Dynamic web pages have been around since 2010 but it wasn’t until 2 new web technologies emerged in 2015, service workers and web app manifests that the modern PWA really took shape. Google began to put significant effort into promoting PWAs for the android platform and other vendors have fallen suit. Google built tooling around verifying and validating that applications adhere to a standard. This allows a web developer to build an application that functions like a native application but at its heart is a web application. It can have the look and feel of a native app, can be downloaded directly from a web site and saved to a user's home screen and users get the latest version when it’s deployed. No messing with the app store. This is the best of both worlds, the ease of developing web apps and the reach of a mobile app.
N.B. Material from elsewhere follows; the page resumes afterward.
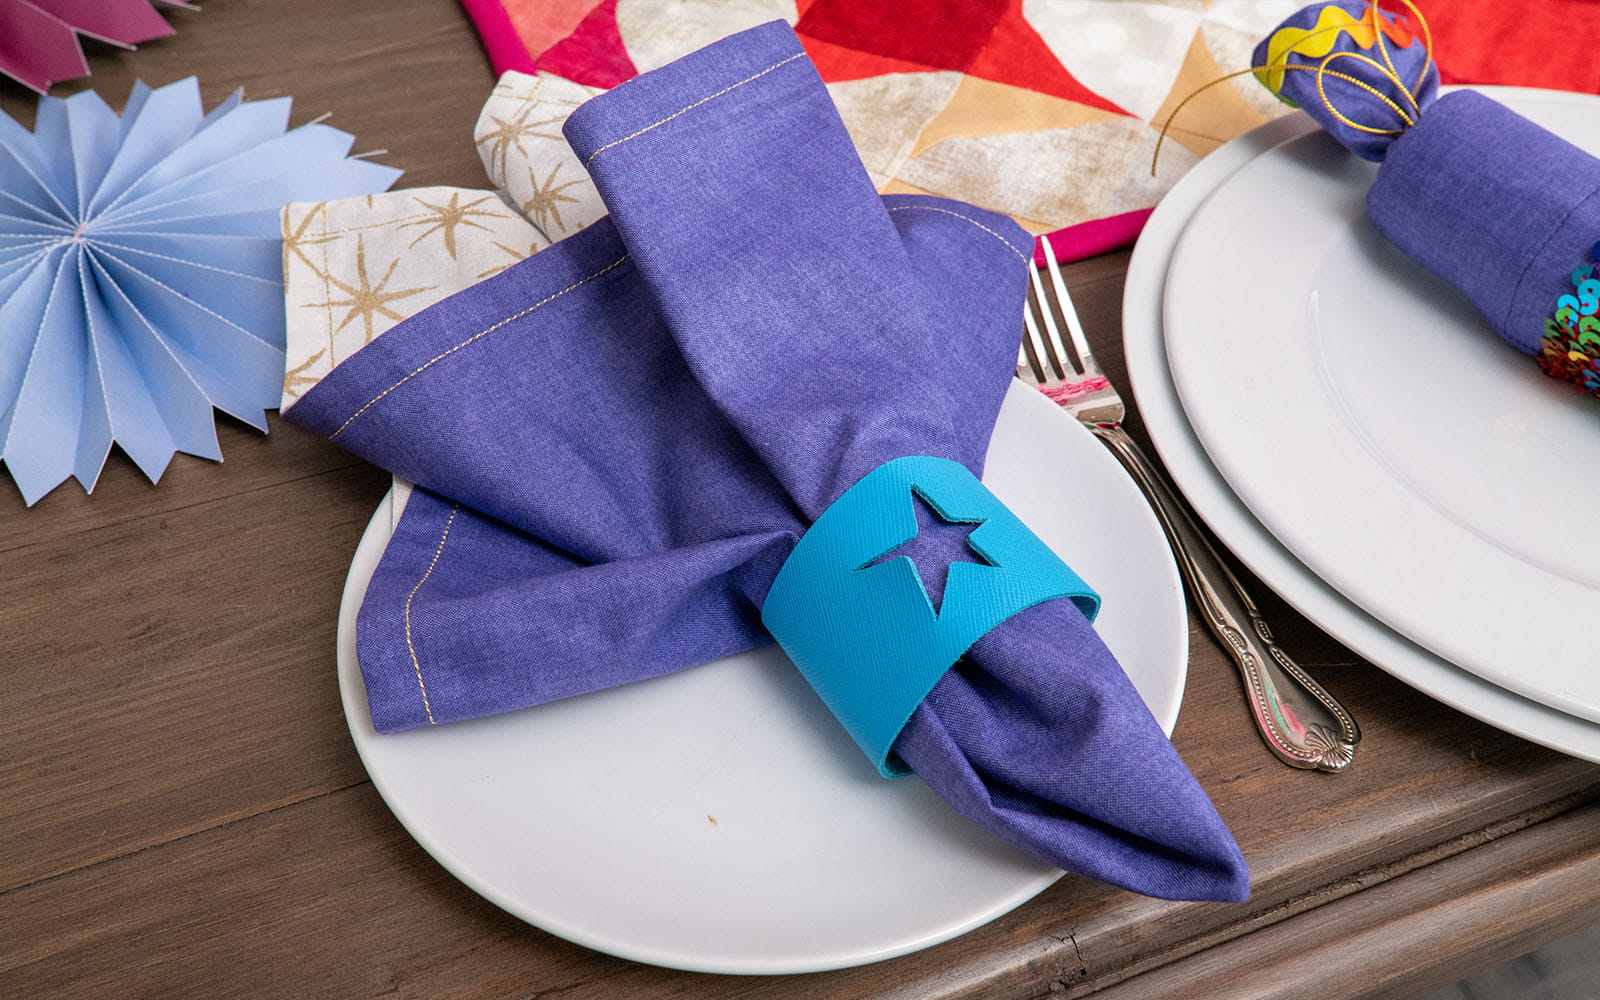 cloth napkin with napkin ring on plate

PWAs are peeling back the stigma for non native mobile apps. The results are turning heads. Most users can’t discern between a PWA and a native application, In fact if you’ve ordered a latte at Starbucks using your phone, you’ve used a PWA.

A Set Of Best Practices

A PWA is a single page web application (SPA) built using html, css and Javascript. A SPA is a PWA if it adheres to a set of best practices. The criteria insures it is fast, reliable and engaging when run on a broad number of mobile devices. These are goals an app should have anyway. There are 2 levels of compliance, Basic PWA and Exemplary PWA.

The criteria insures it is fast, reliable and engaging when run on a broad number of mobile devices.

Baseline PWA

At the core a PWA takes advantage of service workers and a Web App Manifest. Service workers provide local resource caching and push notifications. A local cache helps the app to continue to work, even with intermittent connectivity and helps the app to be fast. Most people will abandon a site after a 3 second page load. PWAs are obsessed with first screen paint and first meaningful screen paint. Painting a page skeleton first and then filling in with higher fidelity images. This gives the user the perception of speed. When offline the app still needs to be available, it can pull from cache or store data until the connectivity is back online. A Web App Manifest linked in the index.html informs browsers of resources the app needs, app name, icon and splash screen. Using this, a mobile browser can help the OS treat the app like a native app. It can be full screen (no browser header), have a splash screen on loading and an icon that can be displayed on the home screen. The criteria for a baseline PWA are shown in the above diagram.

PWA Features

A PWA can be considered exemplary if it satisfies the baseline criteria and exemplifies the criteria above. The app exhibits the additional traits in indexability, user experience, performance and push notifications. Optionally it can include support additional functionality like implementing credential management and payment apis. A PWA doesn’t have to meet all of the criteria but authors should strive for complete compliance.

A Unified Team

Progressive Web Apps help development organizations in another way. Before implementing PWAs an organization needed a web app team, an android mobile team and an IOS mobile team each with different and specialized skills and separate code bases. Moving a team member across teams is a challenge because they need to be proficient in a completely different set of skills. Code reuse is hampered because of the difference in languages and platforms. All of this adds to silos of knowledge and capabilities, It can also lead to inconsistency across applications. Since a PWA uses the same underlying technology as web apps, the teams have a shared skill set with minor specialization. It makes it possible to have a shared code base. That could be one app across all platforms or at the very least a core of shared code and functionality. This helps reduce the development cost, maintenance and helps the team to be efficient.

PWAs are helping organizations realize their vision in imperfect conditions, redefining the possible and paving the way for continued success.